# [WHAT THE EXERCISE ASKS]
Repeat exactly, please, the lines that begin at the start of the listing and end at the line holding "Udforsk den smukke".

# [MATERIAL SUPPLIED]
====
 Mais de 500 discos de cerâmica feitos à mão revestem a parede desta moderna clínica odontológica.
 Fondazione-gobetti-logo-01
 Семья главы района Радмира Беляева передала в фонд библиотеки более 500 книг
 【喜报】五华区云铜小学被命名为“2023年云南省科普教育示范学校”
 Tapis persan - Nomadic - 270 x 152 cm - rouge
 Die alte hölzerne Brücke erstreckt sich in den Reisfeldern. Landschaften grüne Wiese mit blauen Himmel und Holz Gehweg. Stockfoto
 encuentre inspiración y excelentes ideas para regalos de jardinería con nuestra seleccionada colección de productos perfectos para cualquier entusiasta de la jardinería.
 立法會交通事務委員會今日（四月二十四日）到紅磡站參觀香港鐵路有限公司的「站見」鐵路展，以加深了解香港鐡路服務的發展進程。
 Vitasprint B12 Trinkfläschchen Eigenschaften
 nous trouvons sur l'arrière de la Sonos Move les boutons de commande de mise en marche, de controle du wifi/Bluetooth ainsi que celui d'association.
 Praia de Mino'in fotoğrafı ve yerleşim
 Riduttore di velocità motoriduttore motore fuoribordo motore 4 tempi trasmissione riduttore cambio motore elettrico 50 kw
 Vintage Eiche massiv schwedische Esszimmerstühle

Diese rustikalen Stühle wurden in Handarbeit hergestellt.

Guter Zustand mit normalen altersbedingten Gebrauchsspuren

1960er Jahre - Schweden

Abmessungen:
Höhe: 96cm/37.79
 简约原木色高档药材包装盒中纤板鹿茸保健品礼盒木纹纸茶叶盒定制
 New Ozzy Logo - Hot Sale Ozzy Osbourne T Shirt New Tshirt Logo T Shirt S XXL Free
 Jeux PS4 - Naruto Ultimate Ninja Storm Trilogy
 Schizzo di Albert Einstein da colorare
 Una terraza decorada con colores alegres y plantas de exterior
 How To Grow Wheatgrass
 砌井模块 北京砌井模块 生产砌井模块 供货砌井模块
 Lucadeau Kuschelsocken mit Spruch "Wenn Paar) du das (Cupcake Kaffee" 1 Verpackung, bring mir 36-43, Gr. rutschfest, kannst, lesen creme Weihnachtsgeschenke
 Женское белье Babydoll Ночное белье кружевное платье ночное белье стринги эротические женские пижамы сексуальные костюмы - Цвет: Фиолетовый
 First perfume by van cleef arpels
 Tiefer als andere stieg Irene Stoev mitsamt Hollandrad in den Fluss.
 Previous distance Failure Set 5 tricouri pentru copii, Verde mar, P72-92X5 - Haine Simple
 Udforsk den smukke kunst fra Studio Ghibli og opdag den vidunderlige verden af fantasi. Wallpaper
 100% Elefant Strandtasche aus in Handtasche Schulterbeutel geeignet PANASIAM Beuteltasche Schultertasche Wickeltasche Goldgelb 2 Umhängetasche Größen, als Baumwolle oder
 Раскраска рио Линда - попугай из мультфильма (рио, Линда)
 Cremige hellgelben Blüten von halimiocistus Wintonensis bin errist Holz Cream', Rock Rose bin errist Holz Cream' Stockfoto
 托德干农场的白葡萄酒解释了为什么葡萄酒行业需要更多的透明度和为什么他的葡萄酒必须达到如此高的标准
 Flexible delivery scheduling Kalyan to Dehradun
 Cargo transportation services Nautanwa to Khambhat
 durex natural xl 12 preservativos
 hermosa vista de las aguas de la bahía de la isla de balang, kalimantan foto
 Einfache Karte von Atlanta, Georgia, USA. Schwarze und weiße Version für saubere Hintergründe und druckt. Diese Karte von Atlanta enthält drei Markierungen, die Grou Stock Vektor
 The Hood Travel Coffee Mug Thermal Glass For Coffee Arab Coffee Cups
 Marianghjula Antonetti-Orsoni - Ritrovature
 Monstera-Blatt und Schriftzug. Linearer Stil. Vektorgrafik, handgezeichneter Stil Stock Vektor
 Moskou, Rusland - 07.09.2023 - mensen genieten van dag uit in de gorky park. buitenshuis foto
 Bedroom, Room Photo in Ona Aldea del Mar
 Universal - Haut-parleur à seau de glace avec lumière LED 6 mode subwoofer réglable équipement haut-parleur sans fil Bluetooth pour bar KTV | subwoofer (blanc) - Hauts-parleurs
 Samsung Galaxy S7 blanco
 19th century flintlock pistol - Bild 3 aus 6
====
# [OUTPUT FOR THIS TASK]
 Mais de 500 discos de cerâmica feitos à mão revestem a parede desta moderna clínica odontológica.
 Fondazione-gobetti-logo-01
 Семья главы района Радмира Беляева передала в фонд библиотеки более 500 книг
 【喜报】五华区云铜小学被命名为“2023年云南省科普教育示范学校”
 Tapis persan - Nomadic - 270 x 152 cm - rouge
 Die alte hölzerne Brücke erstreckt sich in den Reisfeldern. Landschaften grüne Wiese mit blauen Himmel und Holz Gehweg. Stockfoto
 encuentre inspiración y excelentes ideas para regalos de jardinería con nuestra seleccionada colección de productos perfectos para cualquier entusiasta de la jardinería.
 立法會交通事務委員會今日（四月二十四日）到紅磡站參觀香港鐵路有限公司的「站見」鐵路展，以加深了解香港鐡路服務的發展進程。
 Vitasprint B12 Trinkfläschchen Eigenschaften
 nous trouvons sur l'arrière de la Sonos Move les boutons de commande de mise en marche, de controle du wifi/Bluetooth ainsi que celui d'association.
 Praia de Mino'in fotoğrafı ve yerleşim
 Riduttore di velocità motoriduttore motore fuoribordo motore 4 tempi trasmissione riduttore cambio motore elettrico 50 kw
 Vintage Eiche massiv schwedische Esszimmerstühle

Diese rustikalen Stühle wurden in Handarbeit hergestellt.

Guter Zustand mit normalen altersbedingten Gebrauchsspuren

1960er Jahre - Schweden

Abmessungen:
Höhe: 96cm/37.79
 简约原木色高档药材包装盒中纤板鹿茸保健品礼盒木纹纸茶叶盒定制
 New Ozzy Logo - Hot Sale Ozzy Osbourne T Shirt New Tshirt Logo T Shirt S XXL Free
 Jeux PS4 - Naruto Ultimate Ninja Storm Trilogy
 Schizzo di Albert Einstein da colorare
 Una terraza decorada con colores alegres y plantas de exterior
 How To Grow Wheatgrass
 砌井模块 北京砌井模块 生产砌井模块 供货砌井模块
 Lucadeau Kuschelsocken mit Spruch "Wenn Paar) du das (Cupcake Kaffee" 1 Verpackung, bring mir 36-43, Gr. rutschfest, kannst, lesen creme Weihnachtsgeschenke
 Женское белье Babydoll Ночное белье кружевное платье ночное белье стринги эротические женские пижамы сексуальные костюмы - Цвет: Фиолетовый
 First perfume by van cleef arpels
 Tiefer als andere stieg Irene Stoev mitsamt Hollandrad in den Fluss.
 Previous distance Failure Set 5 tricouri pentru copii, Verde mar, P72-92X5 - Haine Simple
 Udforsk den smukke kunst fra Studio Ghibli og opdag den vidunderlige verden af fantasi. Wallpaper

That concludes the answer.